Margin: Exploring Modern Magical Realism

S H O R T   S T O R Y
THE DEATH OF BORGES
(AND THE DEATH OF BORGES)

b y   d e n n i s   v a n n a t t a   ~   l i t t l e   r o c k ,   a r k a n s a s

OVER A decade now having elapsed since the death of Jorge Luis Borges, it is perhaps time to look at the circumstances surrounding his passing with an eye to historical accuracy -- which has not, alas, heretofore been forthcoming. Newspaper accounts -- all the world, except for the few of us who were there, has to go on -- were, in a word, a sham, a fraud, a lie. Died in Zurich, didn't they say? Confusing the enigmatic and duplicitous Argentinean with Joyce, perhaps. Borges would have loved it. "I who have been so many men in vain . . ."

The relatives and friends who continue to promulgate this absurd fabrication do so, no doubt, on the assumption that they are thereby protecting the great man's reputation. But the Borges I knew would have preferred that the truth -- in this case at least far less prosaic than the fiction -- be his legacy.

Let me clarify. I claim no personal relationship with or intimate knowledge of Borges. A dozen words at most passed between us, and I was in his presence perhaps three hours in all. But these were the definitive three hours in this context: the ultimate three of his life.

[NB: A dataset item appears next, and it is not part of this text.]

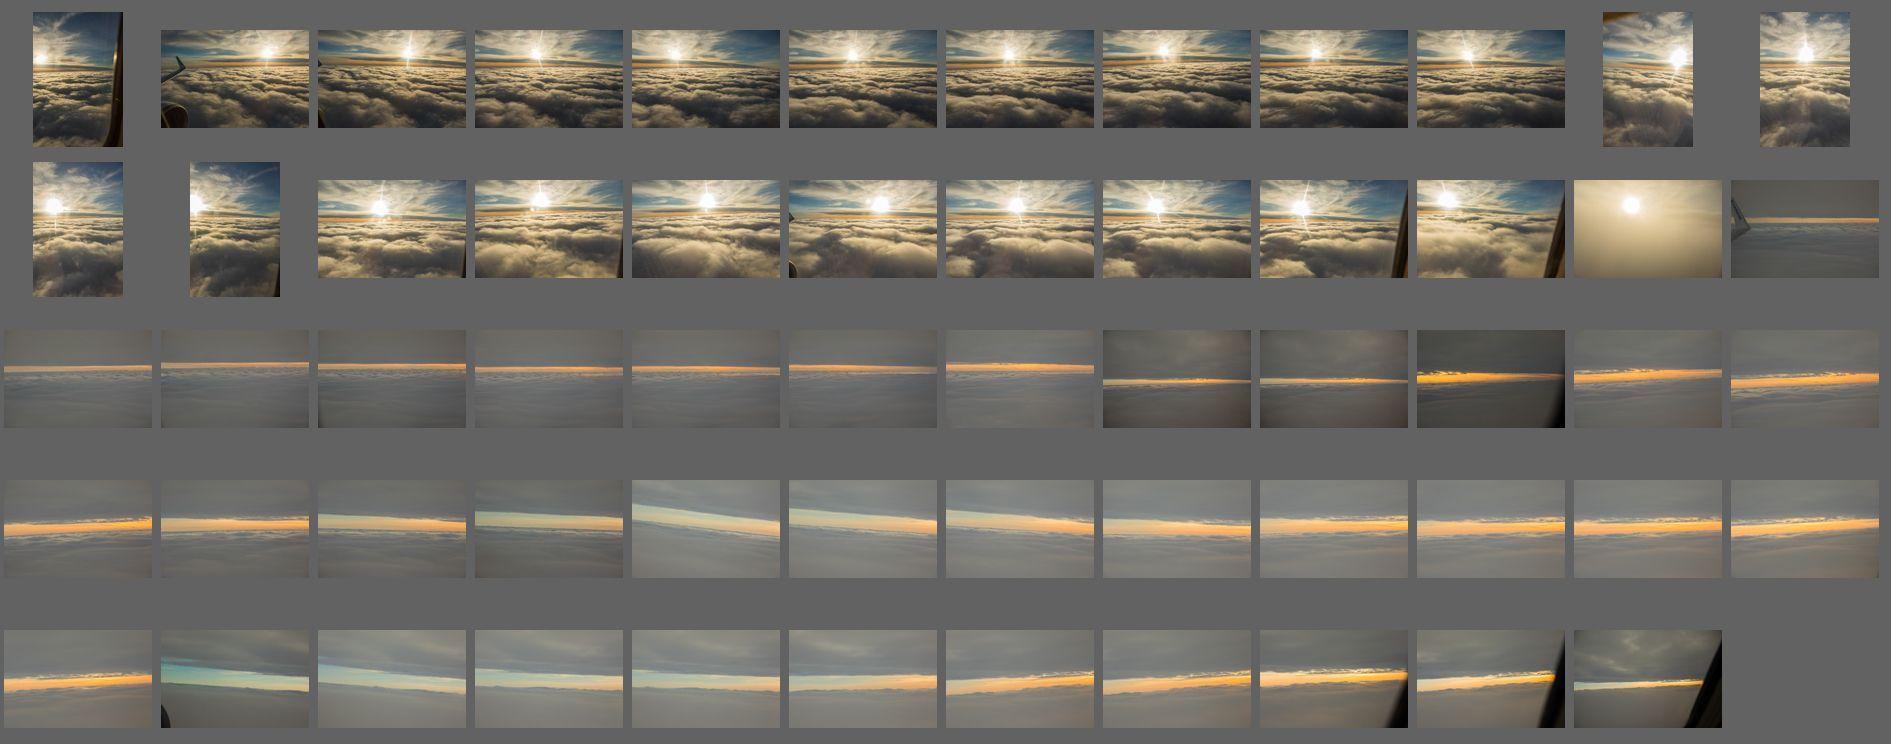 Aerial Clouds vol.7 بک گراند آسمان برای فتوشاپ پست پروداکشن

I had been in Buenos Aires for the annual book fair, where I was to read a paper in a special session, "After Post-post-Modernism." I owe my eventual meeting with Borges to the conjunction of a mirror and an encyclopedia. The mirror hung in the art nouveau lobby of the Hotel du Nord. It was in this mirror that I randomly but fortuitously glanced and saw a huge leather-bound volume clutched in the hands of an obviously angry gentleman who had raised it for the evident purpose of crashing it down on the head of an unfortunate soul seated before him.

I whirled -- for, although the mirror was to my right, what it reflected was to my left -- and struck the descending encyclopedia a glancing blow -- enough to divert it from its fatal course. It fell harmlessly to the floor, and the assailant was hustled off into a nearby lift by, I suppose, friends eager to forestall further violence.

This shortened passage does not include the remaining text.